**THE TASK**
Write each line below back out exactly, omitting its pictures.
START INFORMATION PROVIDED
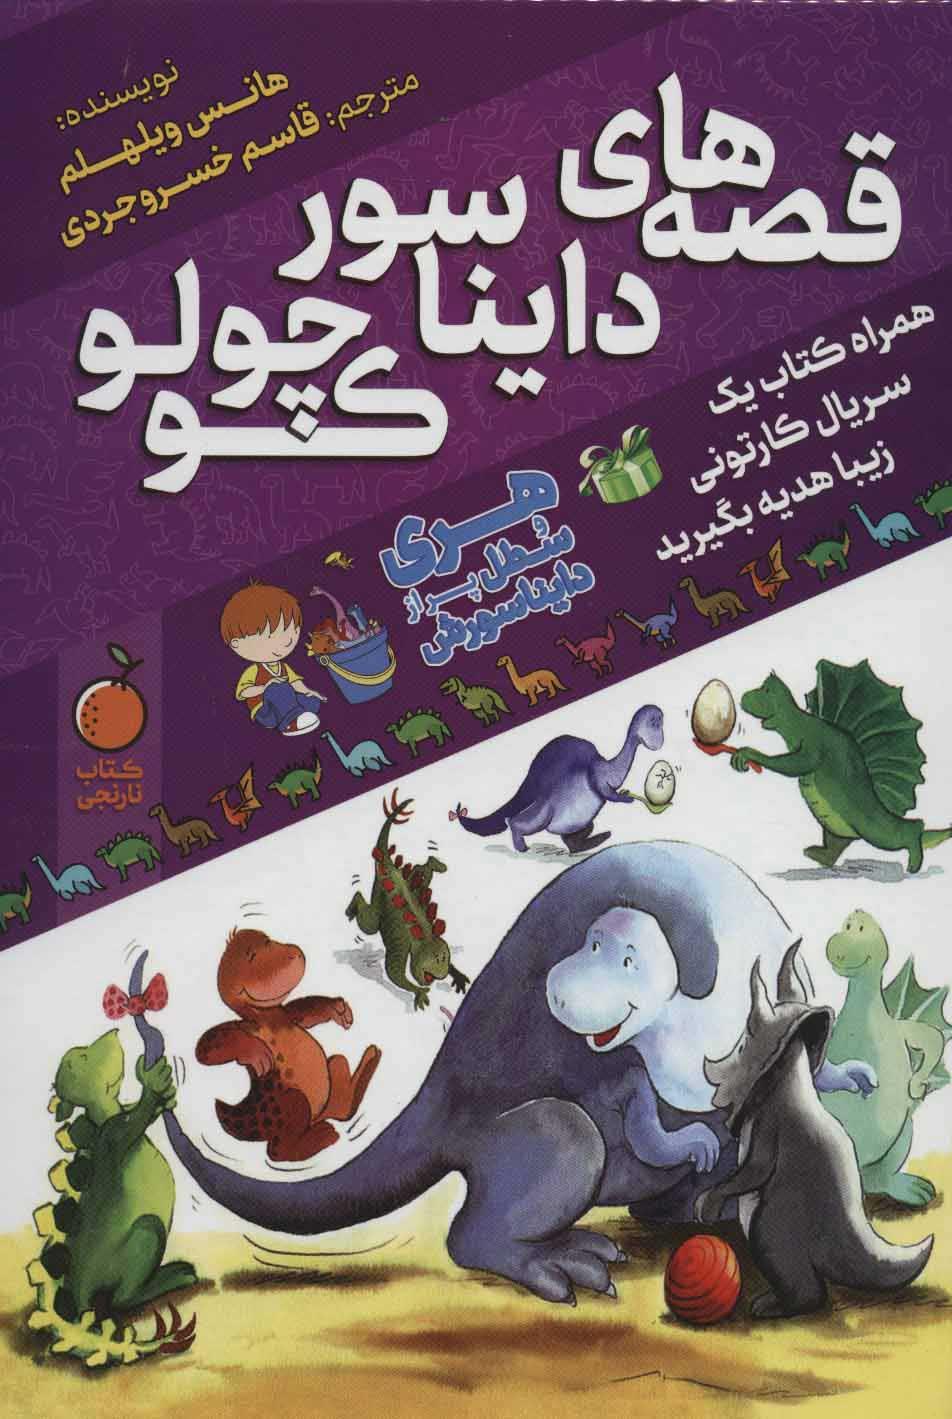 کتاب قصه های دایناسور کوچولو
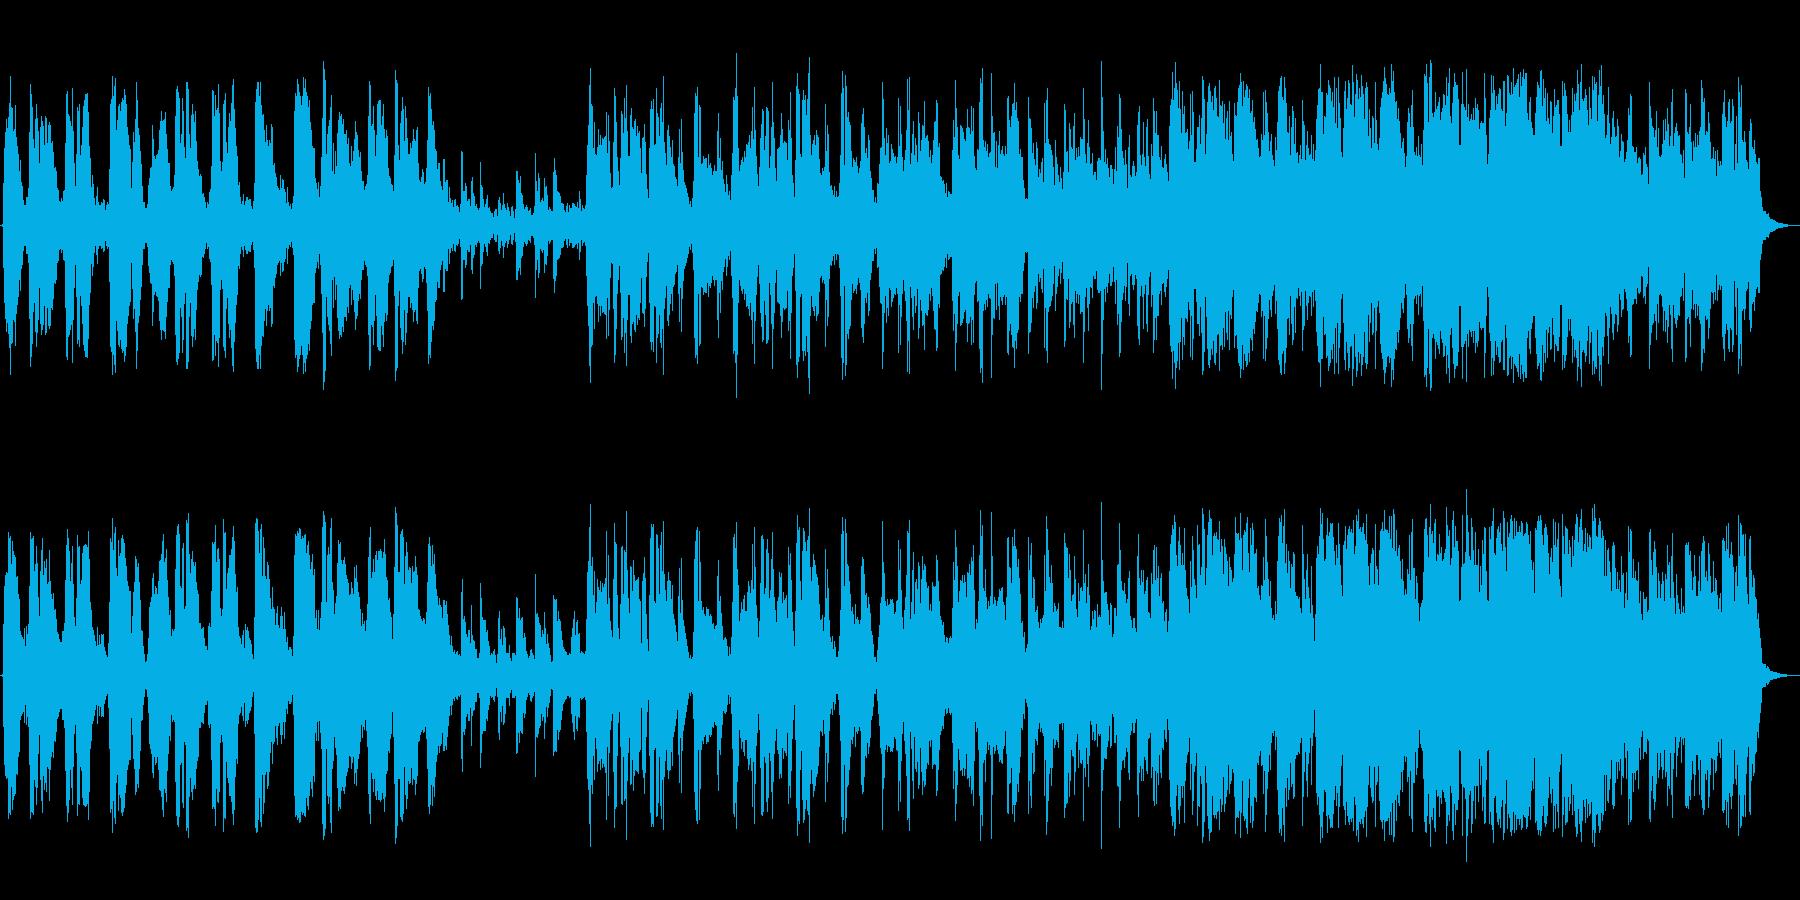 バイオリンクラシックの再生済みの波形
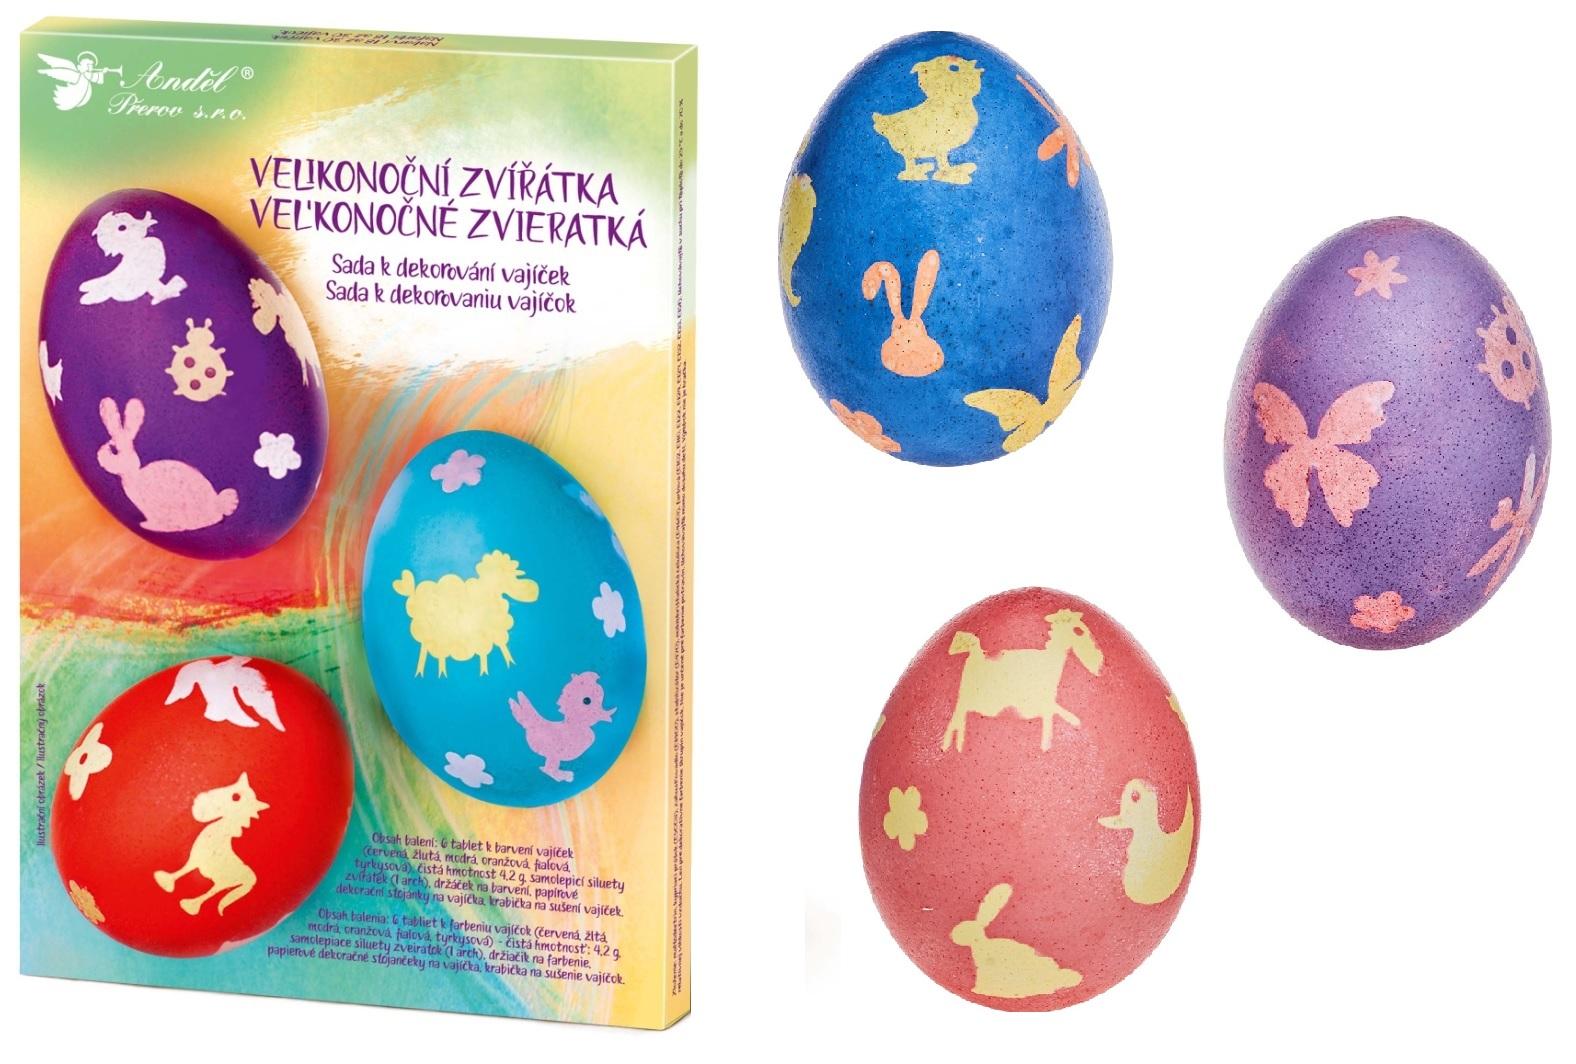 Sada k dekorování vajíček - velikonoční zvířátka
END INFORMATION PROVIDED
**REPLY**
 کتاب قصه های دایناسور کوچولو
 バイオリンクラシックの再生済みの波形
 Sada k dekorování vajíček - velikonoční zvířátka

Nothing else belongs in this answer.